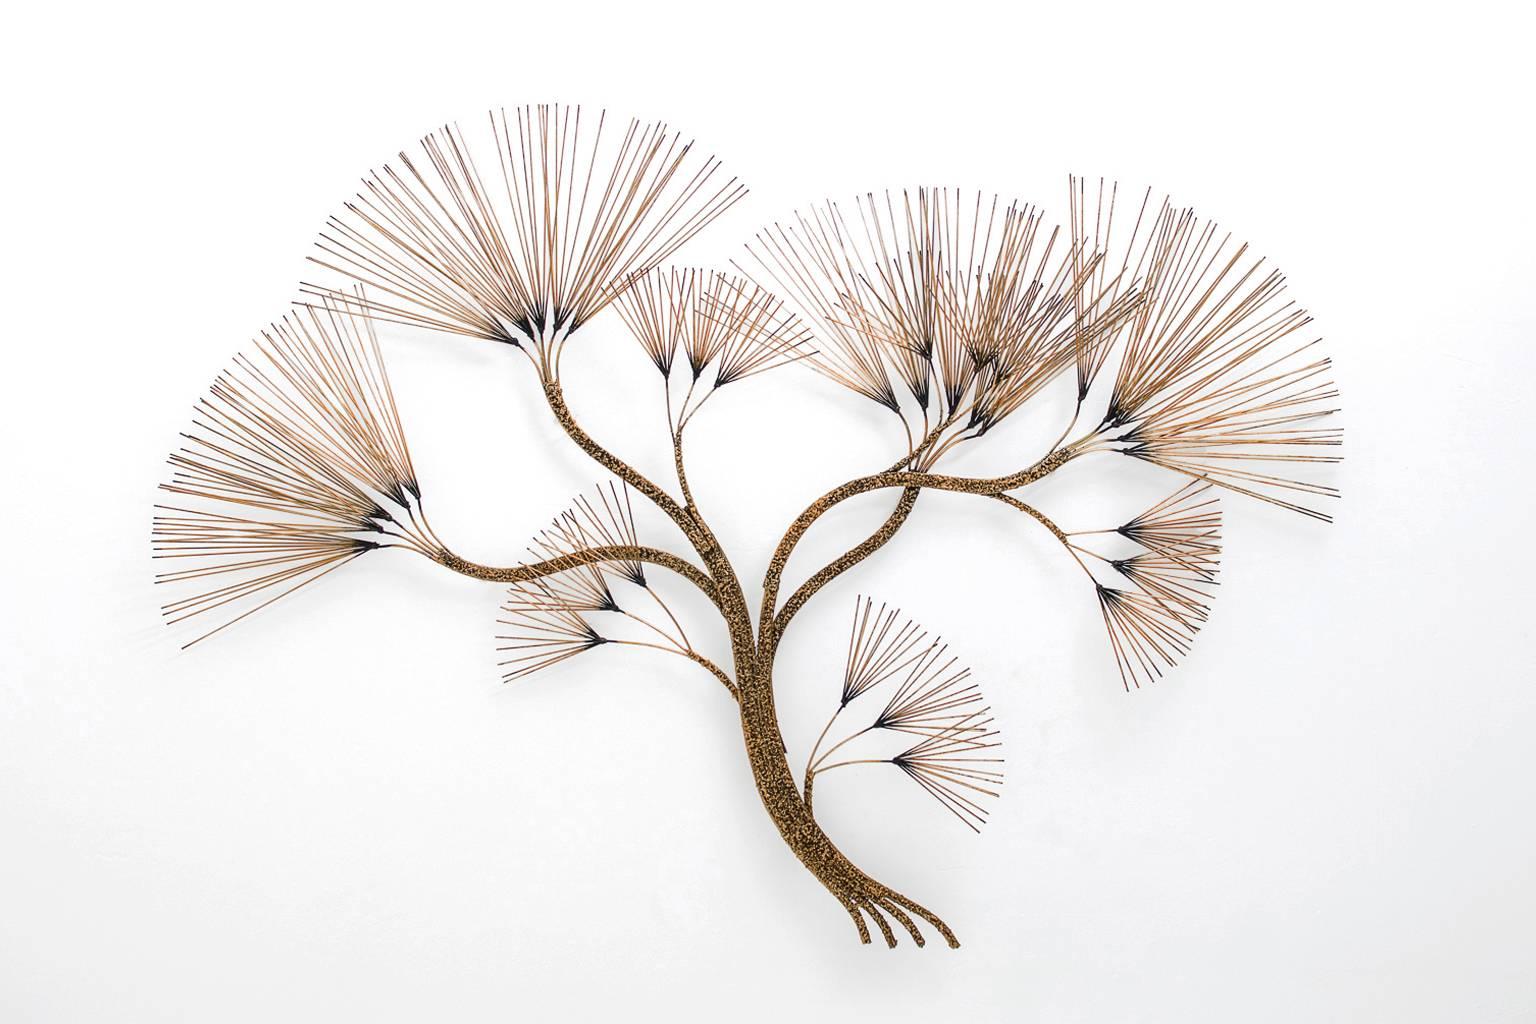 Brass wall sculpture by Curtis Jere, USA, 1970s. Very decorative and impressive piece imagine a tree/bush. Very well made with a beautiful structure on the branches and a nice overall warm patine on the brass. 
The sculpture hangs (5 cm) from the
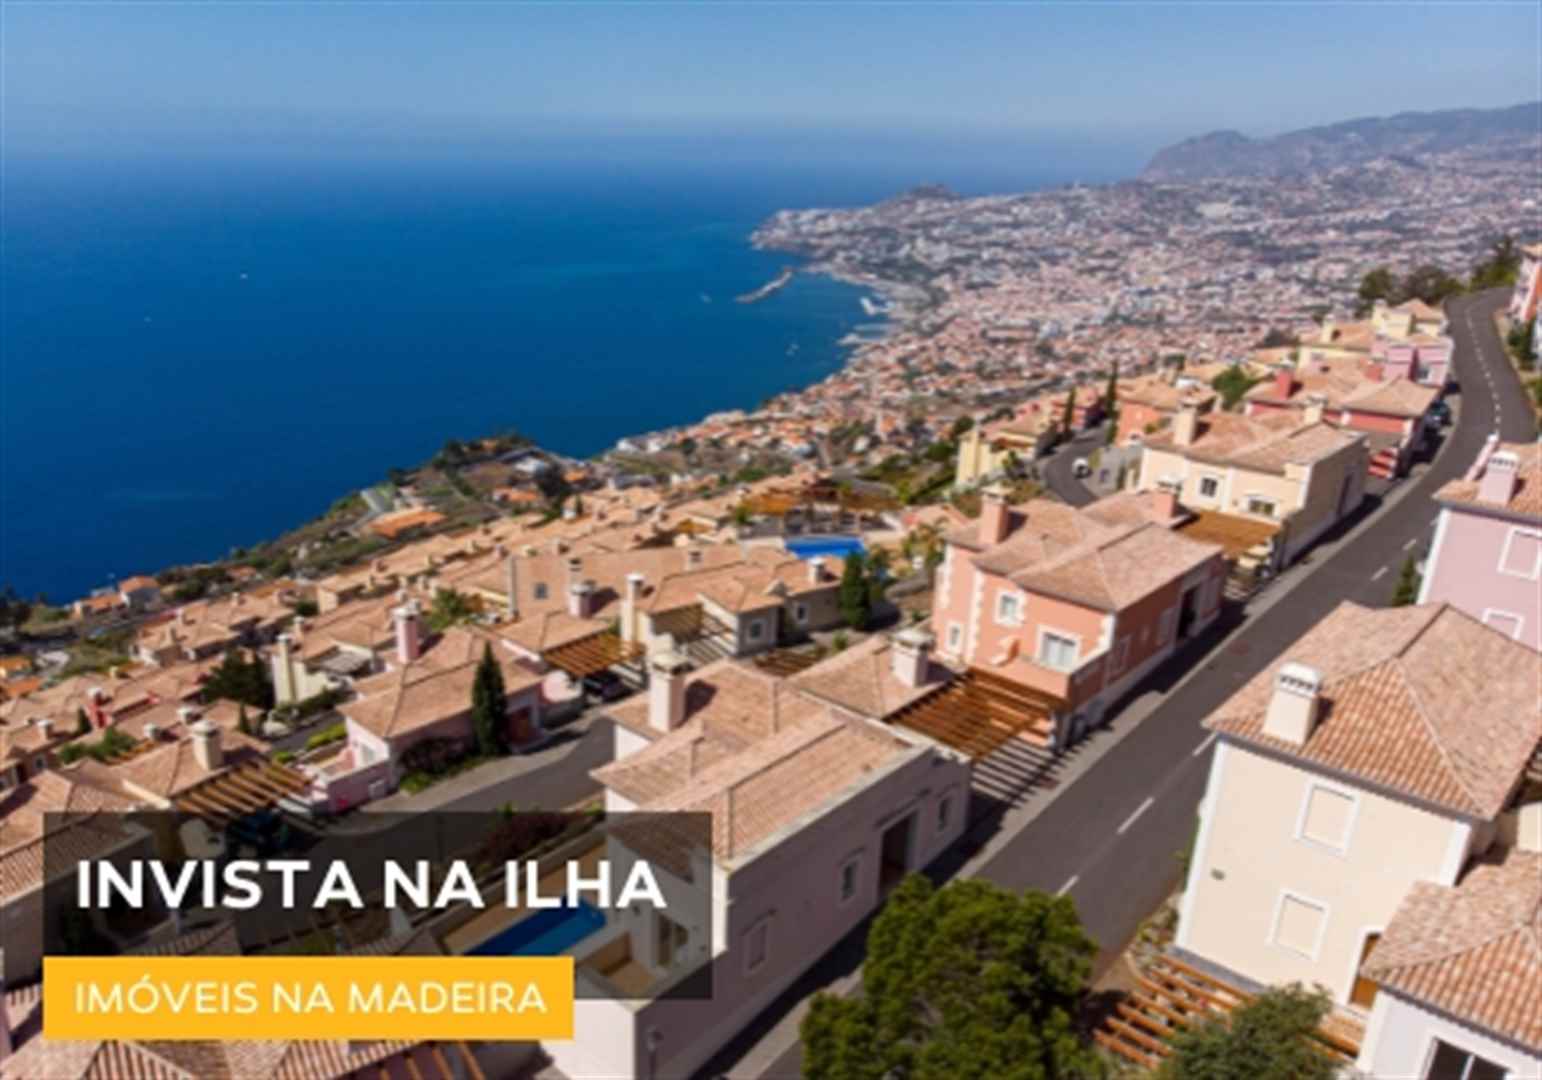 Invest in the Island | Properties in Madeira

________

### Activity:
Output the data above exactly. Drop every picture.

### Output:
 Brass wall sculpture by Curtis Jere, USA, 1970s. Very decorative and impressive piece imagine a tree/bush. Very well made with a beautiful structure on the branches and a nice overall warm patine on the brass. 
The sculpture hangs (5 cm) from the
 Invest in the Island | Properties in Madeira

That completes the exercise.